1. An anisotropic conductive material comprising:

conductive particles each including a resin particle and a conductive layer coating the surface of the resin particle; and

a binder resin;

wherein at least an exterior surface layer of the conductive layer is a solder layer.

2. The anisotropic conductive material according to claim 1,

wherein a difference in specific gravity is not More than 6.0 between the conductive particles and the binder resin.

3. The anisotropic conductive material according to claim 1,

wherein the conductive particles have a specific gravity of 1.0 to 7.0 and the binder resin has a specific gravity of 0.8 to 2.0.

4. The anisotropic conductive material according to claim 1,

wherein the conductive particles have an average particle size of 1 to 100 μm.

5. The anisotropic conductive material according to claim 1, further comprising a flux.

6. The anisotropic conductive material according to claim 1,

wherein the conductive particles each have a first conductive layer as a part of the conductive layer, in addition to the solder layer, between the resin particle and the solder layer.

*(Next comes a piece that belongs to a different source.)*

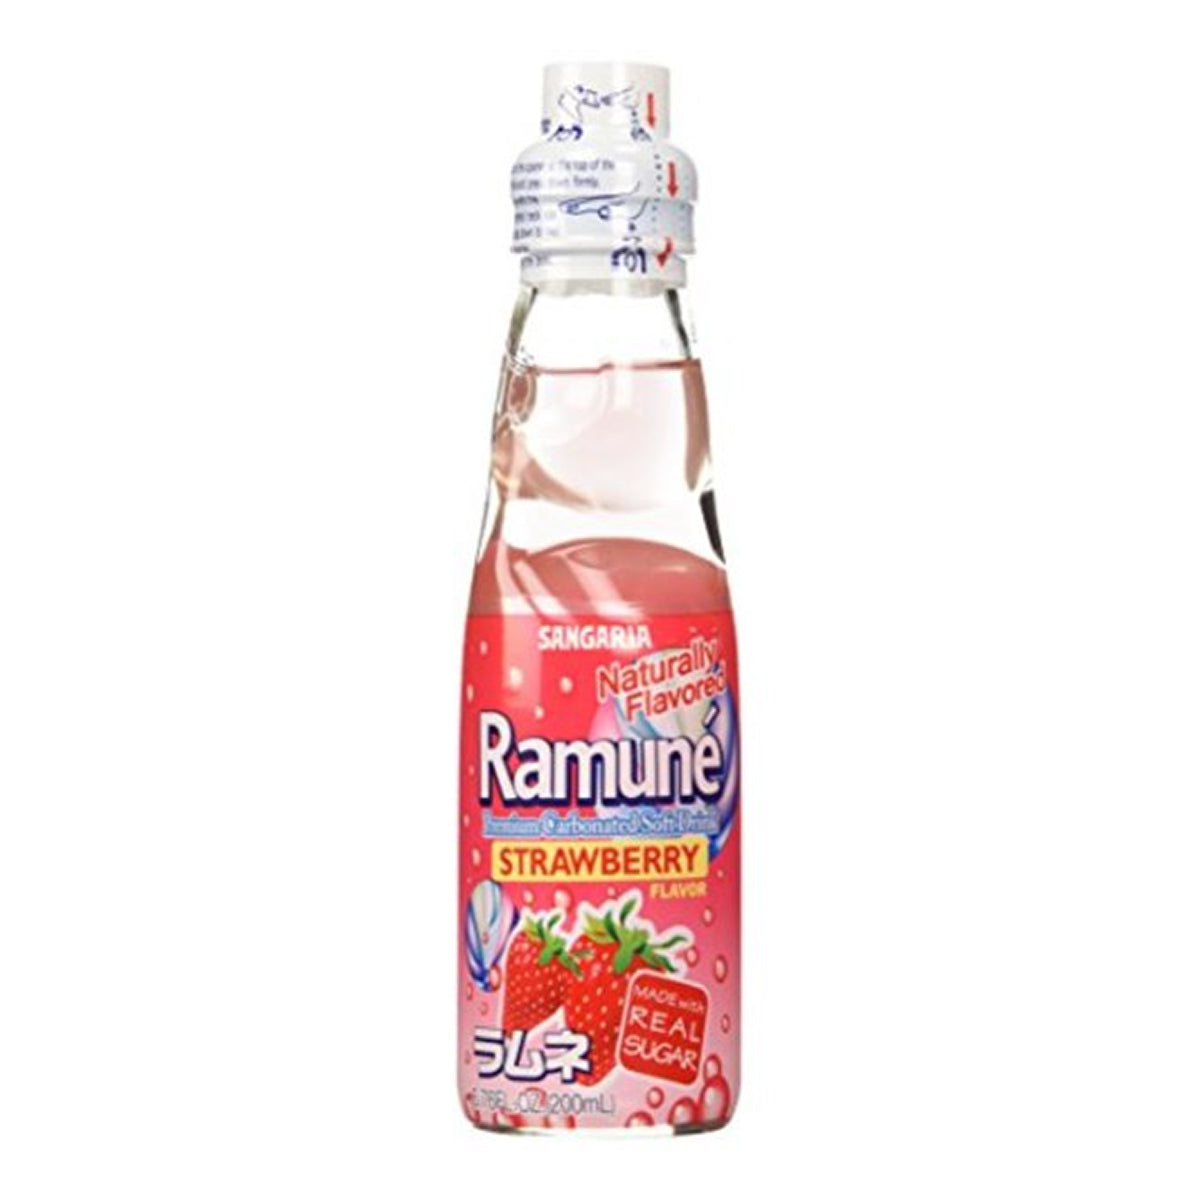 sangaria ramune strawberry drink - 200ml
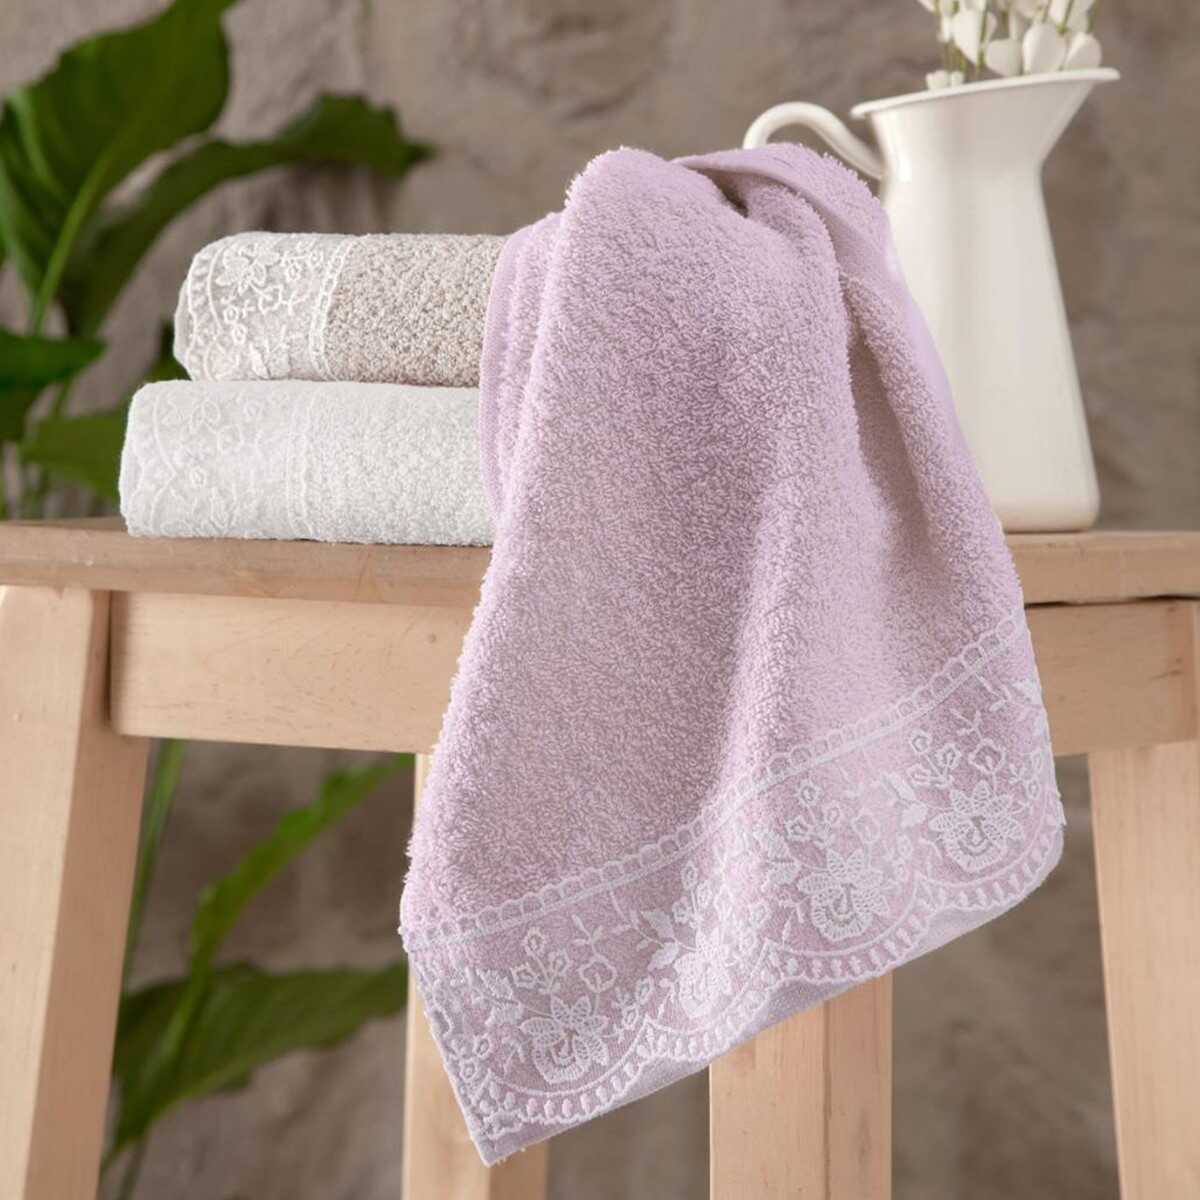 Maxstyle Violet Cotton Laced 3 Piece Kitchen Towel 30x50 cm

7. The anisotropic conductive material according to claim 6,

wherein the first conductive layer is a copper layer.

8. The anisotropic conductive material according to claim 1,

wherein an amount of the conductive particles is 1 to 50 wt % in 100 wt % of the anisotropic conductive material.

9. The anisotropic conductive material according to claim 1,

which is in a liquid form with a viscosity of 1 to 300 Pa·s at 25° C. and 5 rpm.

10. The anisotropic conductive material according to claim 1,

which is in a liquid form with a viscosity ratio of the viscosity at 25° C. and 0.5 rpm to the viscosity at 25° C. and 5 rpm of 1.1 to 3.0.

11. A connection structure comprising:

a first connection target member;

a second connection target member; and

a connection part connecting the first connection target member and the second connection target member,

wherein the connection part is formed of the anisotropic conductive material according to claim 1.

12. The connection structure according to claim 11,

wherein the first connection target member has a plurality of first electrodes and the second connection target member has a plurality of second electrodes, and

the plurality of first electrodes and the plurality of second electrodes are electrically connected to each other via, the conductive particles included in the anisotropic conductive material.

13. The connection structure according to claim 12,

wherein the plurality of first electrodes adjacent to each other are positioned at an interval of not more than 200 μm and the plurality of second electrodes adjacent to each other are positioned at an interval of not more than 200 μm, and

the conductive particles have an average particle size of not more than ¼ of the interval between the plurality of first electrodes adjacent to each other and not more than ¼ of the interval between the plurality of second electrodes adjacent to each other.